THE BLOG
09/20/2012 04:56 pm ET Updated Nov 20, 2012

The Campaign Language of Obama and Romney

Modern presidential campaigns are sensationalized in such a way that it can be difficult to recall the distant primary days. So while the campaign teams of Mitt Romney and Barack Obama continue punching it out ahead of November, this is a look back at each candidate's statements over 20 months (January 2011 to September 2012) derived from analysis of 37,591 unique quotations by Romney and 124,419 unique quotations by Obama identified in 150,000+ online sources by Recorded Future.

Here is the history of their campaigns:

Quotes Per Day

Romney Quotes - January 2011 to September 2012

Romney Quotes Timeline

Days with the most reported quotations: *Note: The "Unique" score above takes syndicated reports of the same quotation and only counts them once.

Obama Quotes - January 2011 to September 2012

There were more than 3x the number of unique quotations attributed to Obama (124,419) than to Romney (37,591) during the same time frame. The days with the most reported quotations are as follows: *Note: The "Unique" score above takes syndicated reports of the same quotation and only counts them once.

Most Commonly Used Words

Common Words in Romney Quotes - January 2011 to September 2012

The breakdown is not so surprising: criticism of Obama, use of "president" in self-reference to policy intentions, and terms like "jobs" and "economy". Language related foreign policy is notably absent as the campaign has focused on plans to improve the economy.

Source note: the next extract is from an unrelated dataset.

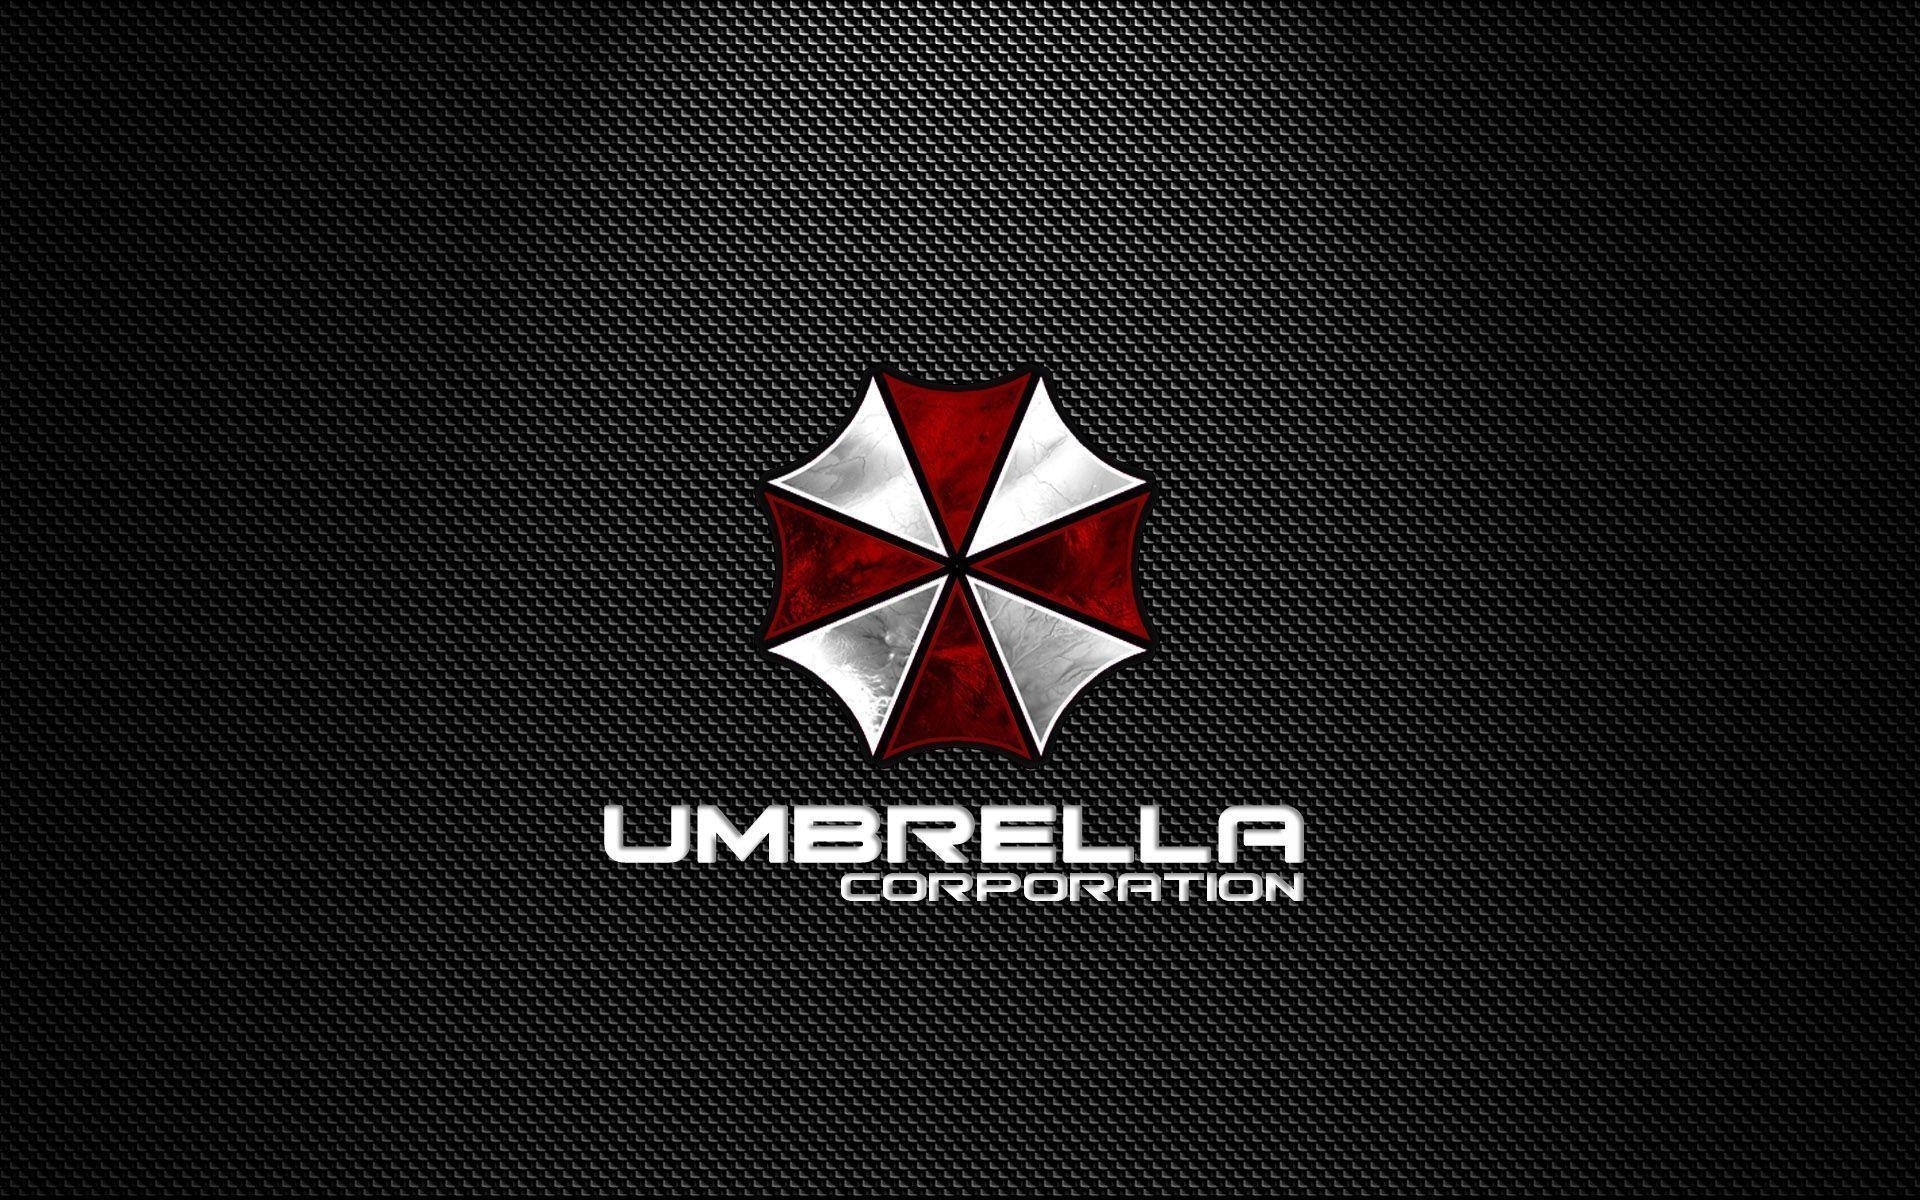 umbrella corporation backgrounds - wallpaper cave

The context of "tax" versus "taxes" is also worth investigating given their prominence. The former often references his tax releases and Obamacare while the latter is heavily in reference to financial history and policy intentions.

Common Words in Obama Quotes - January 2011 to September 2012

What are the terms most used by Obama? The top four are "people", "president", "American", and "time". The first two terms are also present in Romney's "top four", and six of the top twelve most mentioned terms are the same for both candidates, perhaps establishing what we consider "presidential" language.

For Obama, "jobs" tops "tax", and "economy" and "country" appear a bit more frequently than they do in Romney's statements, the most notable difference in language is Romney's mentioning of Obama by name in his quotations while Romney appears in a smaller share of Obama's statements.

Shifts In Language Over Time

Share of Language in Romney Quotes

Here we can observe the emergence and dilution of particular themes over time. For instance, serving as a contrast to Obama has been key since the earliest days but the Florida primary effectively ended references to Newt Gingrich.

From recent months, we can spot the emergence of policy direction - "business" and "health plan" - as well as campaign strategy - a rise in references to his experience as governor of Massachusetts.

Share of Language in Obama Quotes

Picking up where the above commentary left off, we can see that while the share of Obama quotations mentioning Romney is relatively small compared to his use of other terms, mentions of Romney really picked up during June-July of 2012 in advance of the conventions.

There are also interesting bumps in the use of certain terms during significant events such as "world" and "United States" used at the time of Osama bin Laden's death and spikes in the use of "jobs" during periods of legislation and positive economic growth reports and relatively little use of the word at other times.

Share of Major Themes

Major Topics of Romney Quotations

It's easy to identify periods of time when Romney was forced to deviate from his preferred focus on the economy and government. Particularly, the lead up to early 2012 primaries shows the disruptive force of Gingrich and the significant spike in mentions of Israel surrounding his late-July speech in Jerusalem.

Major Topics of Obama Quotations

For this final graph, we selected several major themes to see how they ebbed and flowed as major topics of discussion over the last 20 months. We can easily spot defining moments in both foreign policy - "military" in early 2011 related to Libya and "nuclear" in early 2012 related to Iran and Israel - and domestic policy as "debt" took center stage during the summer of 2011 and Romney surges as an issue beginning in March 2012.

How The Data Was Done


Using the Recorded Future API, we extracted a total of 232,884 quotes attributed to Barack Obama during the period between January 1, 2011 and September 10, 2012.

Of those quotes, 124,419 were unique, and the rest were duplicates with the same quote republished by different media, blogs etc. [Sometimes different sources will do very minor alterations to a quote, like omitting a word or changing punctuation, but we considered such minor difference as unique in this study.]

For each day, and over the entire period, we then calculated the set of most commonly used word, and filtered out "small words" like pronouns, "the", and "of". We then manually selected a set of words we consider indicative of different topics, and counted the relative use of those per day to produce the final graph.